# EXERCISE PROMPT
Omit the pictures and return exactly the stretch of the material below from the line with "A head to toe" through the line with "Cheers Necklace - High".

# DATA RECORDS
■ ■ ■ ■

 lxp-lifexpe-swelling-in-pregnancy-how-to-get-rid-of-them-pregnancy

■ ■ ■ ■

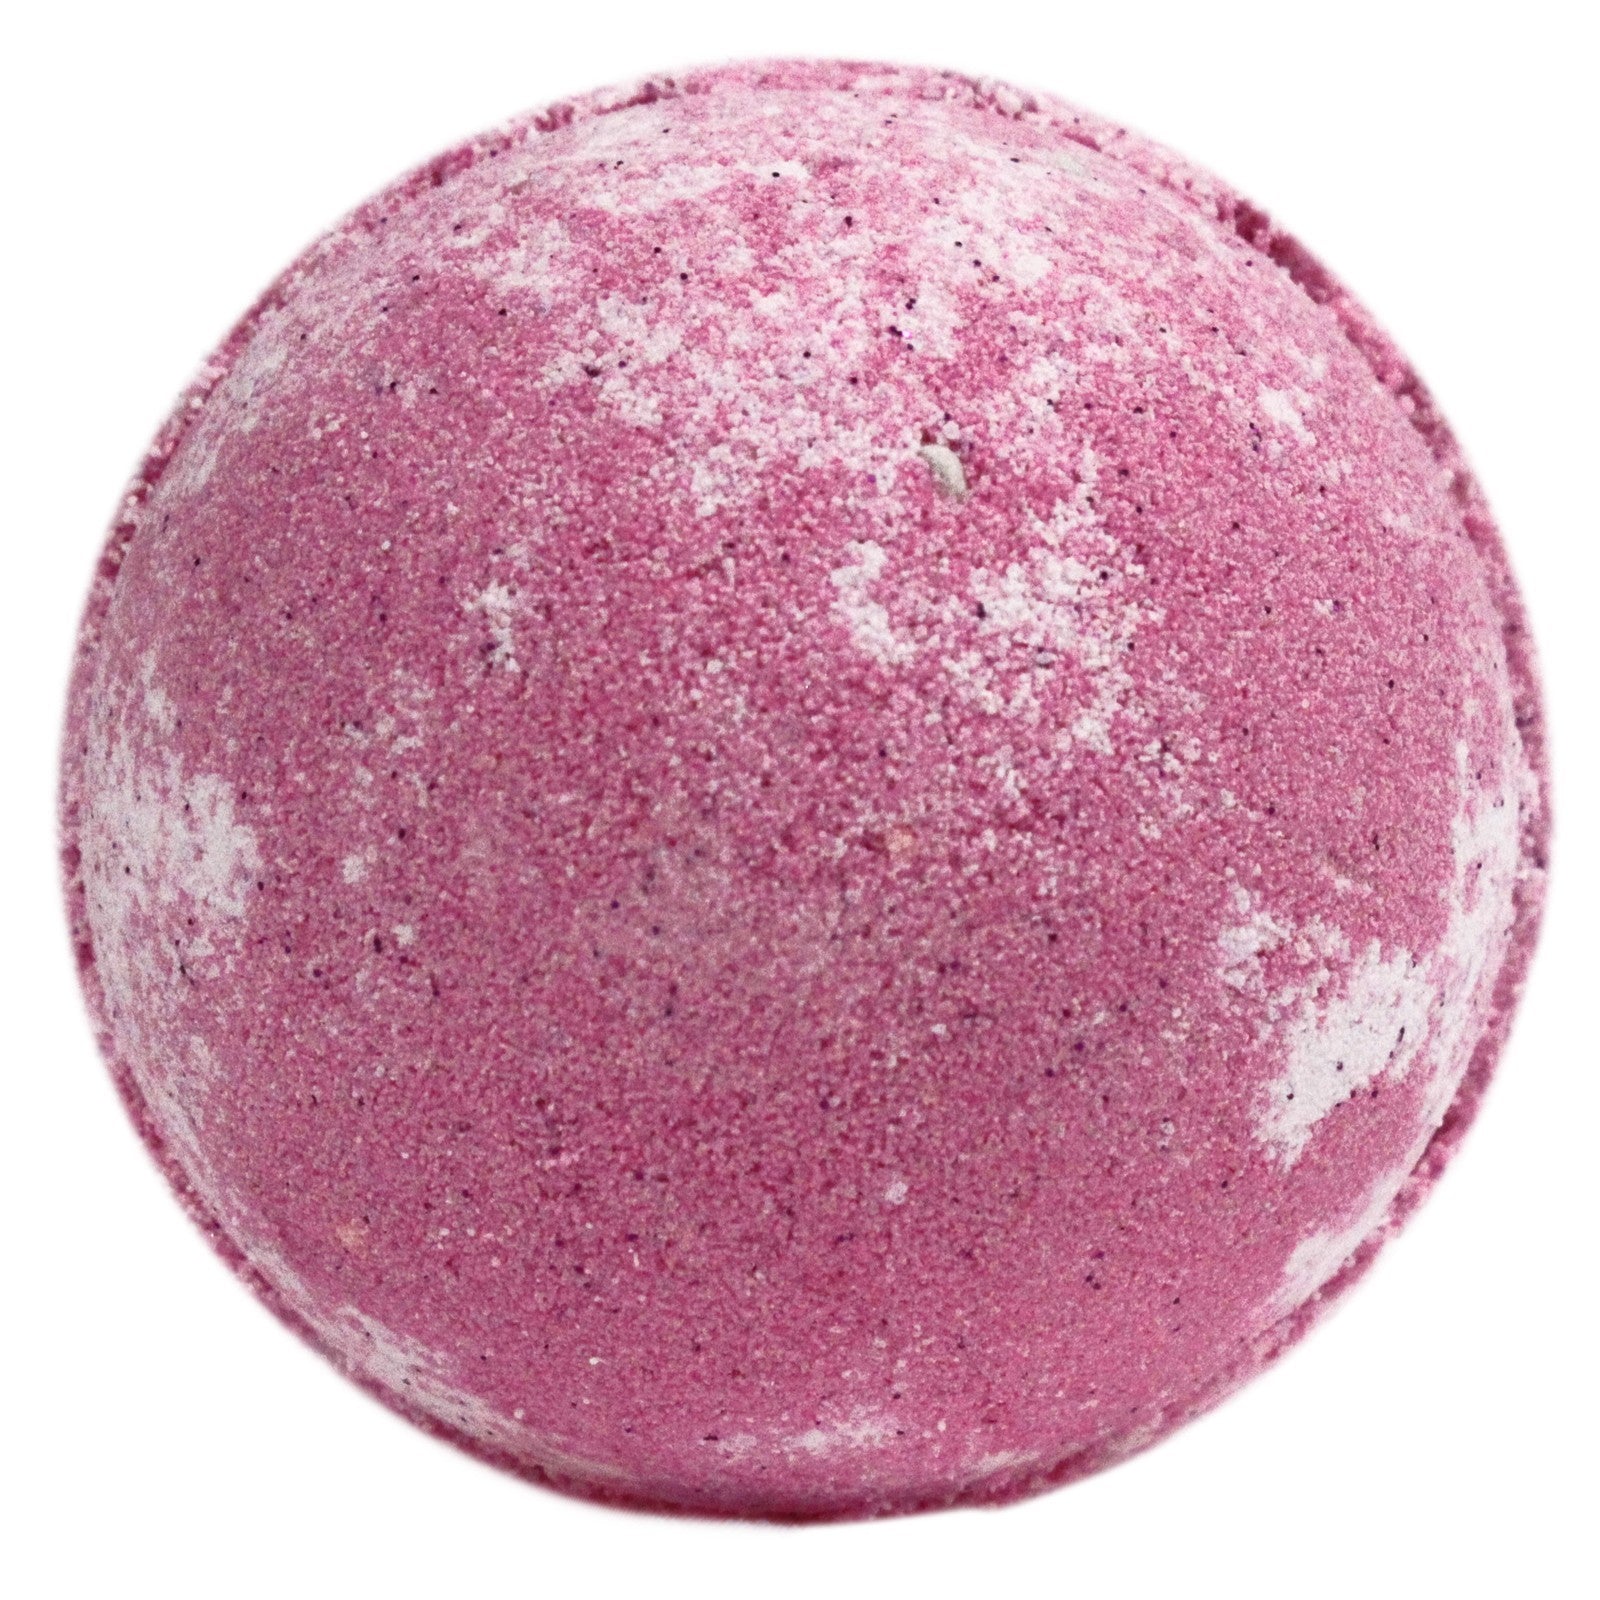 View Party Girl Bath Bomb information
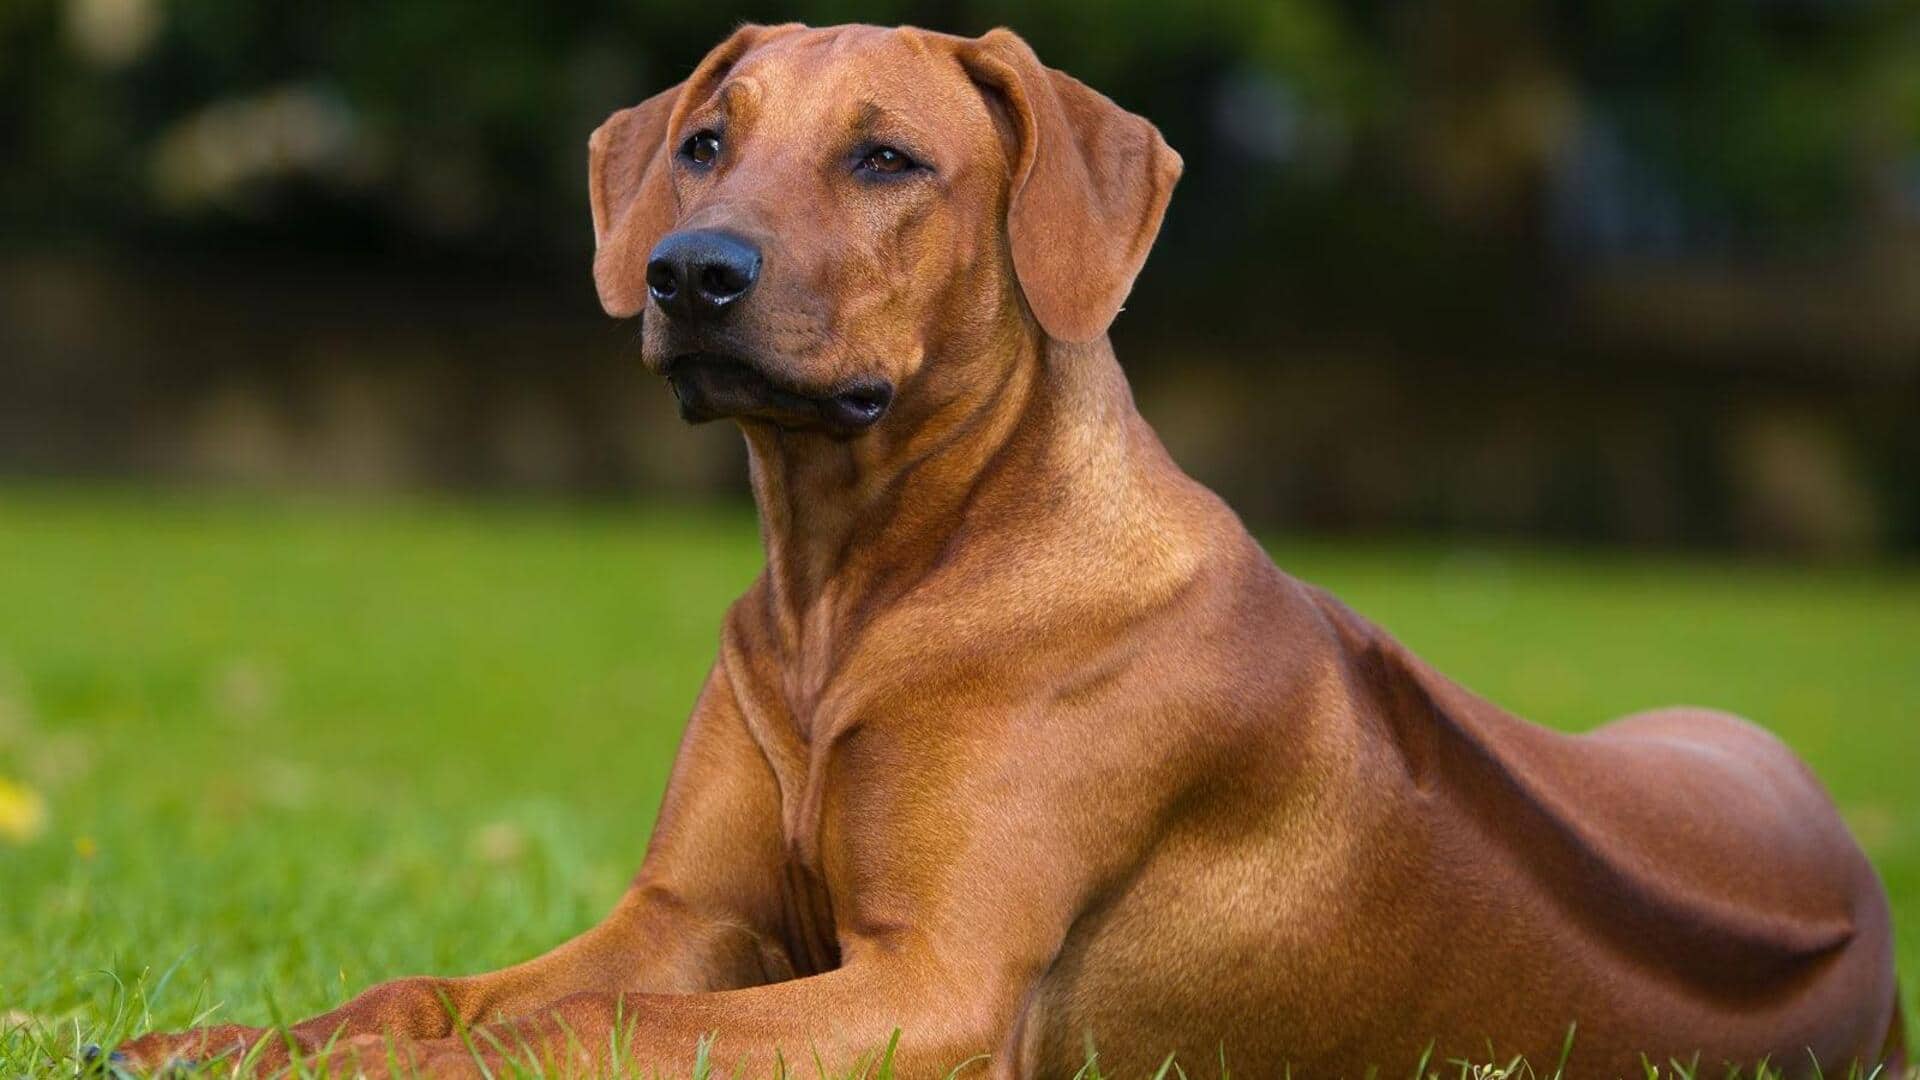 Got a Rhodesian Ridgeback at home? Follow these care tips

■ ■ ■ ■

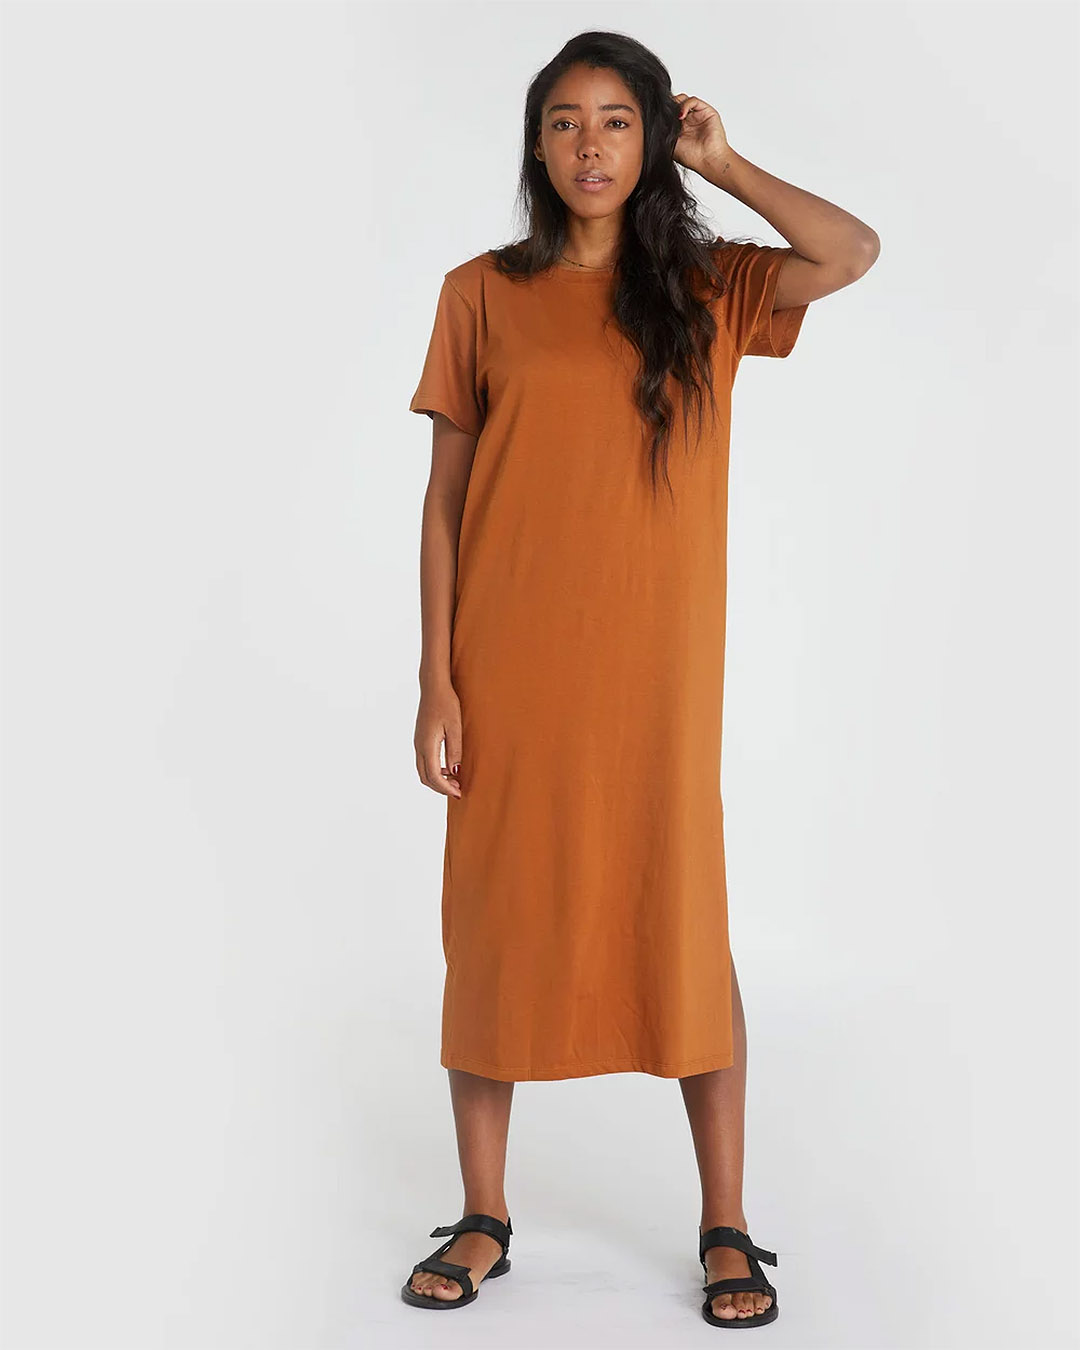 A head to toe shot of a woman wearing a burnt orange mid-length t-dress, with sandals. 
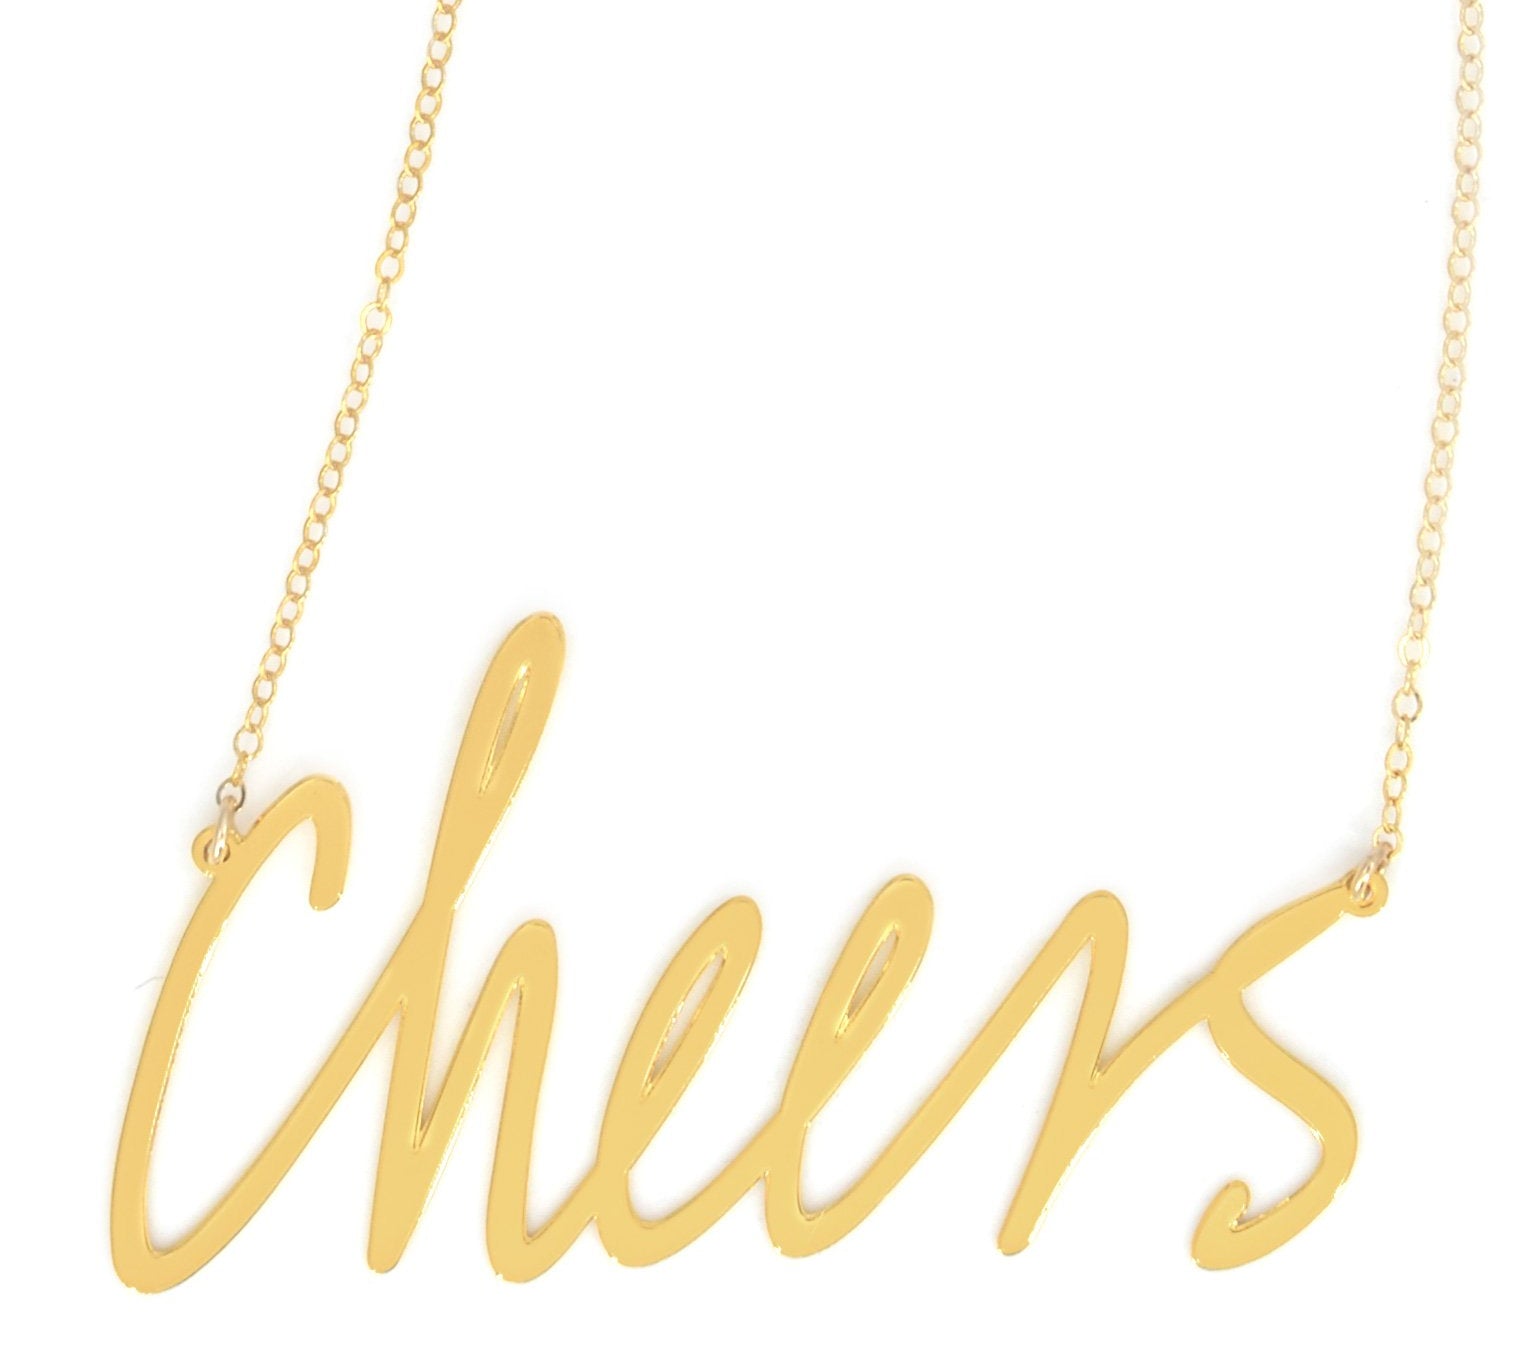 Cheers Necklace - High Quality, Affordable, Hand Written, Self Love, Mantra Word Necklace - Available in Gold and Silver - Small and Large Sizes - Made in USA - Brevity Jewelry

■ ■ ■ ■

# THE ANSWER
 A head to toe shot of a woman wearing a burnt orange mid-length t-dress, with sandals. 
 Cheers Necklace - High Quality, Affordable, Hand Written, Self Love, Mantra Word Necklace - Available in Gold and Silver - Small and Large Sizes - Made in USA - Brevity Jewelry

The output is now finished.